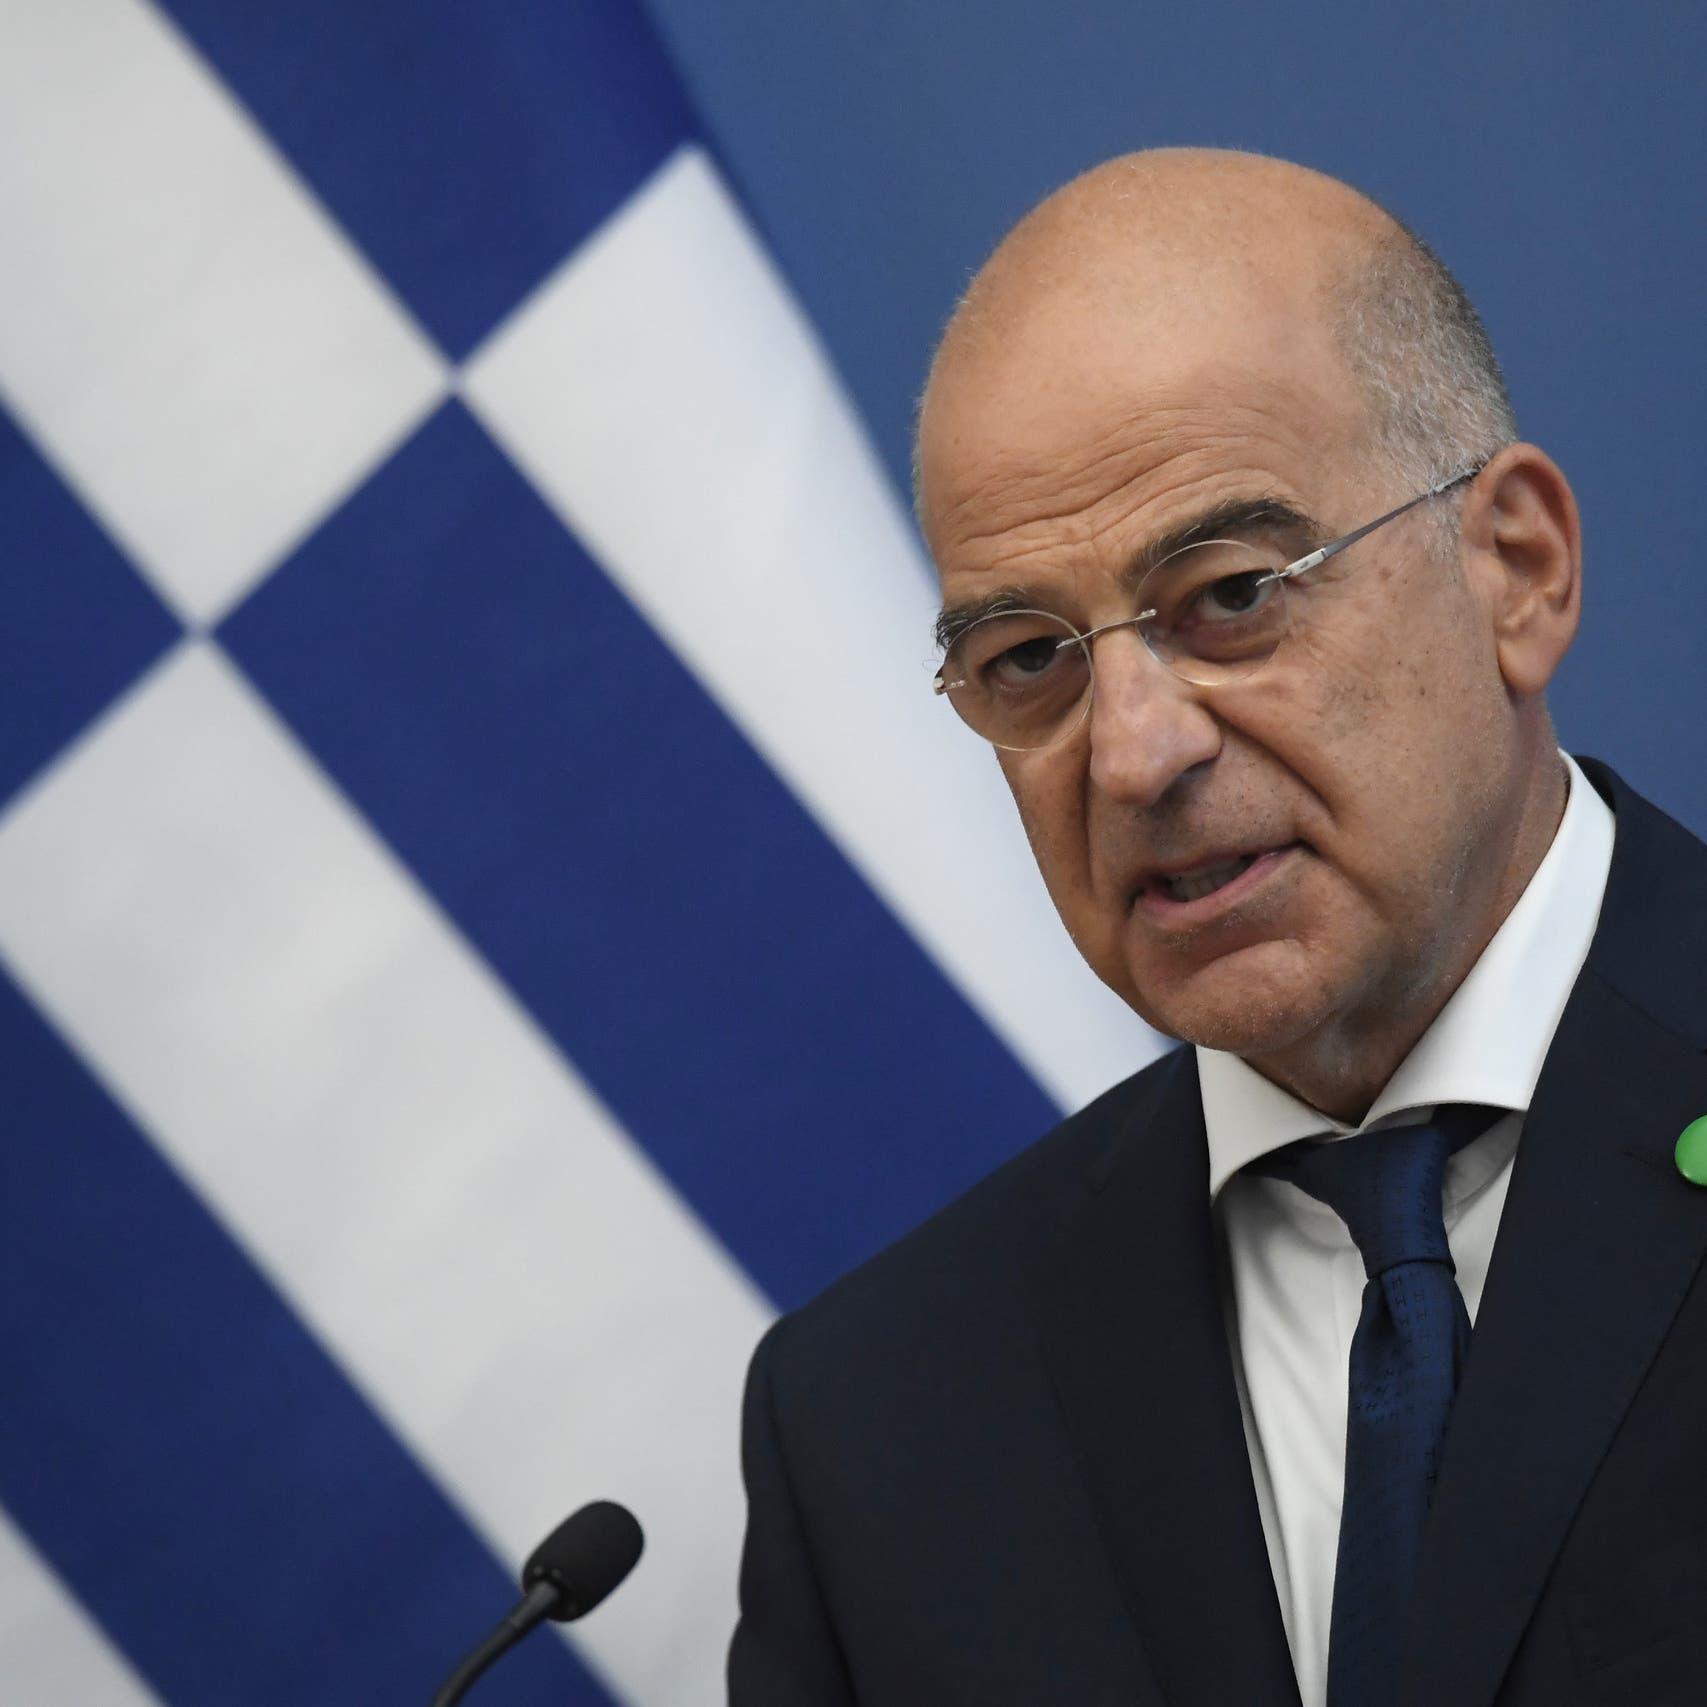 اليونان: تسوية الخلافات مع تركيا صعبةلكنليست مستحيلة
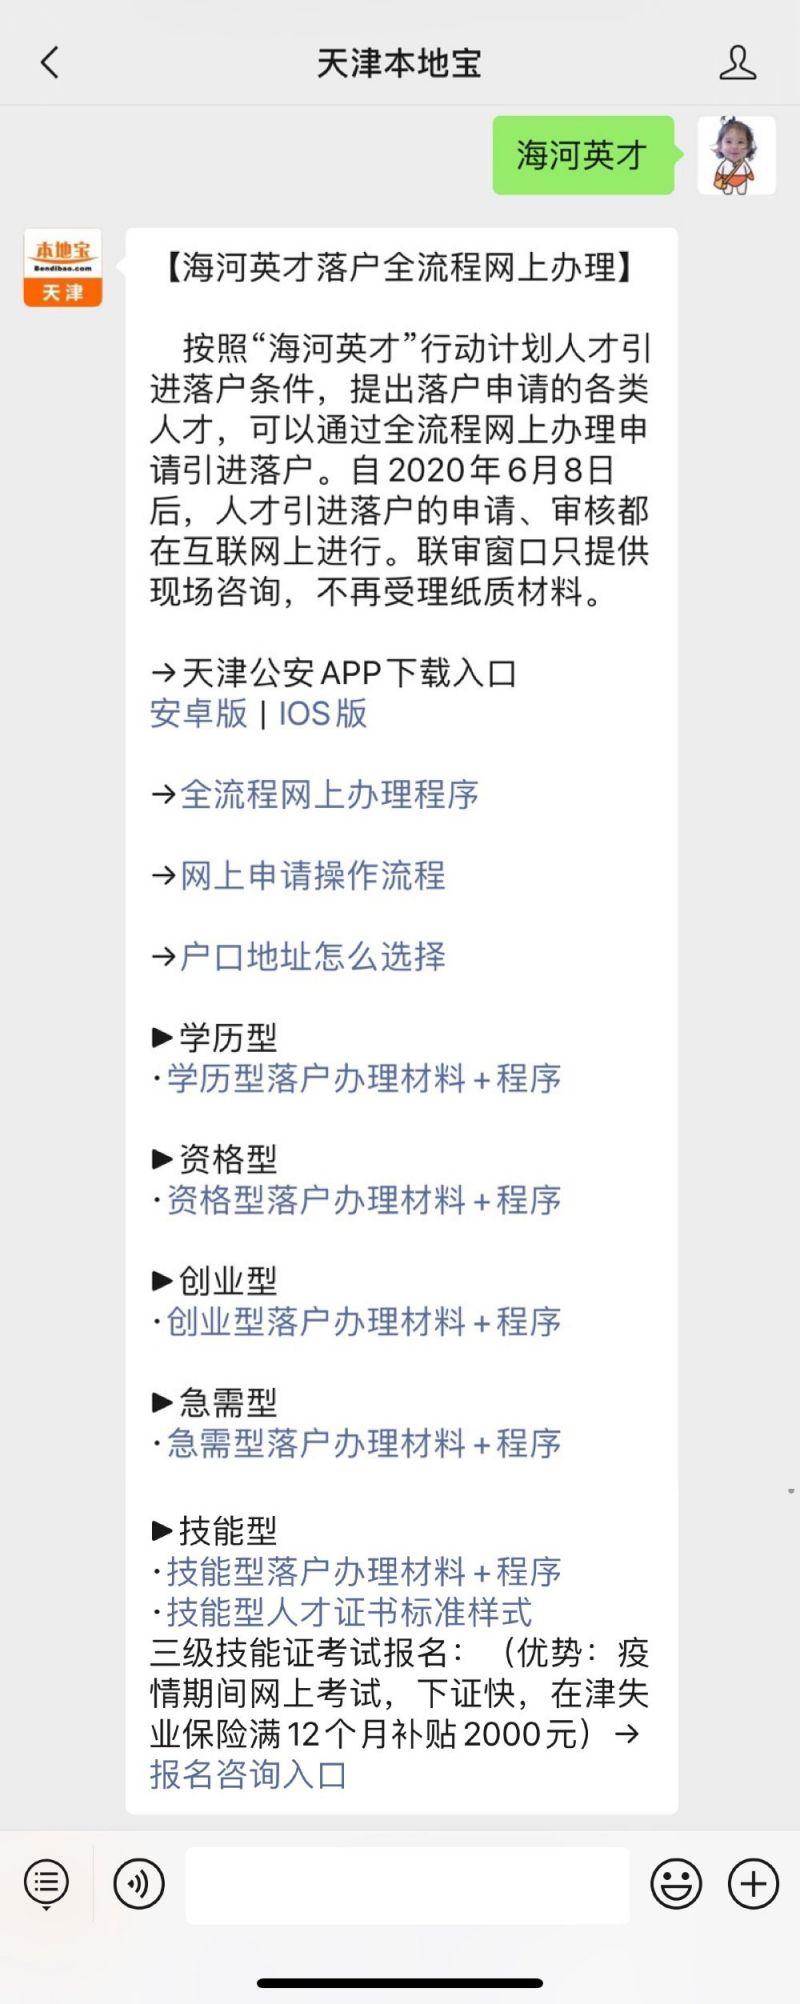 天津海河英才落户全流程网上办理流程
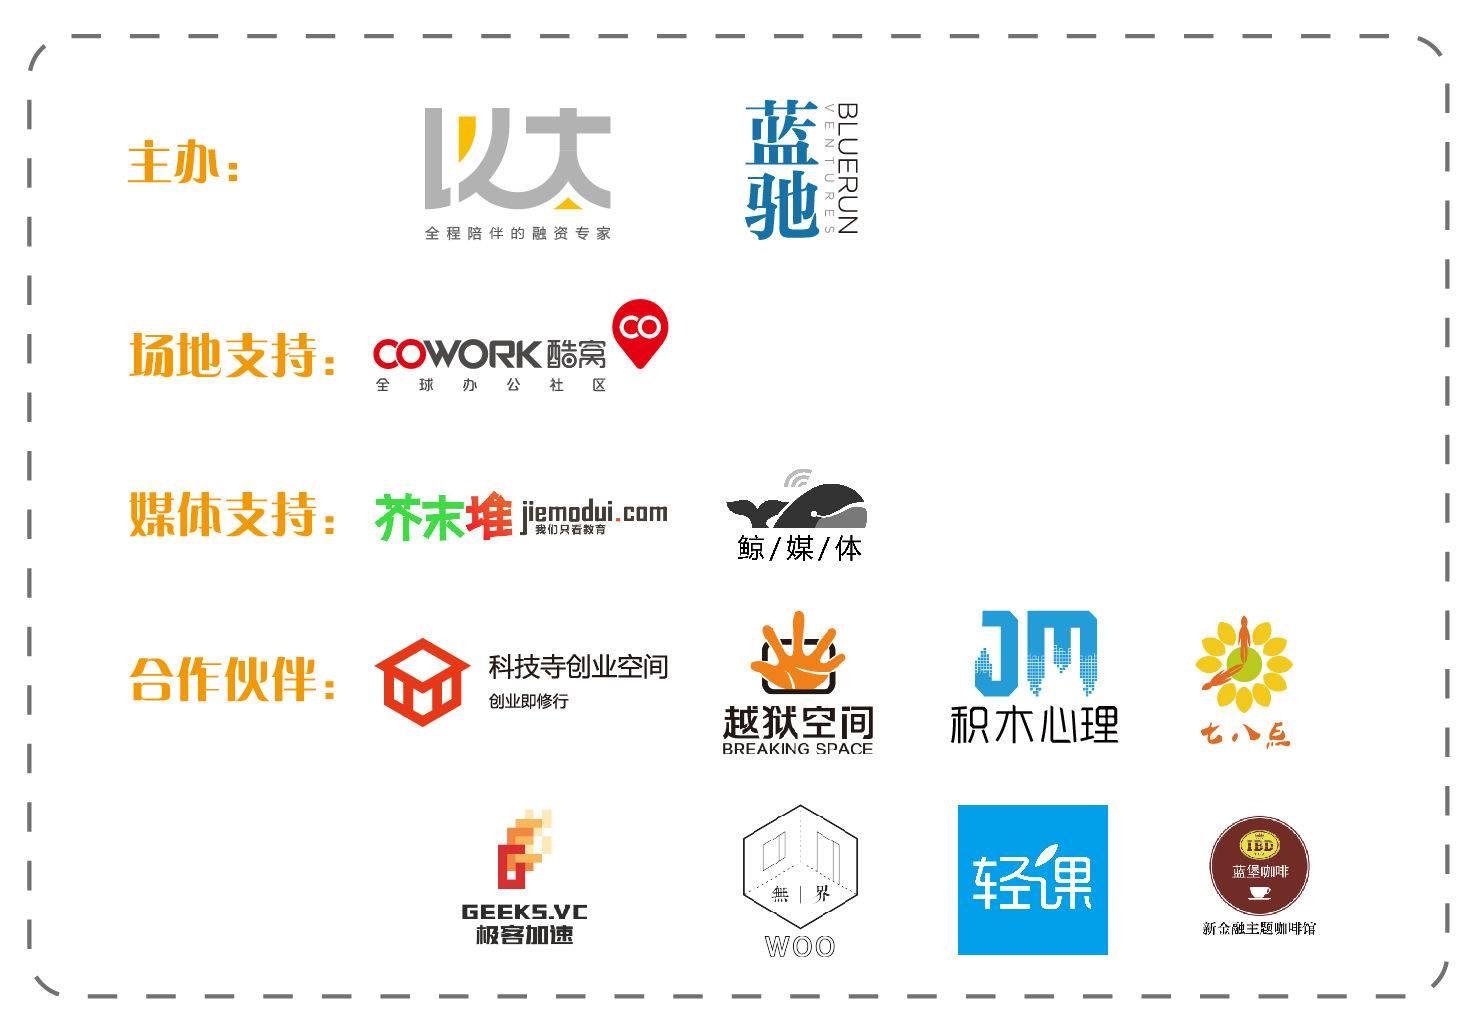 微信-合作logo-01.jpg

• **Task prompt**
Leave the pictures out and restate the listing word for word.

• **Written solution**
 اليونان: تسوية الخلافات مع تركيا صعبةلكنليست مستحيلة
 天津海河英才落户全流程网上办理流程
 微信-合作logo-01.jpg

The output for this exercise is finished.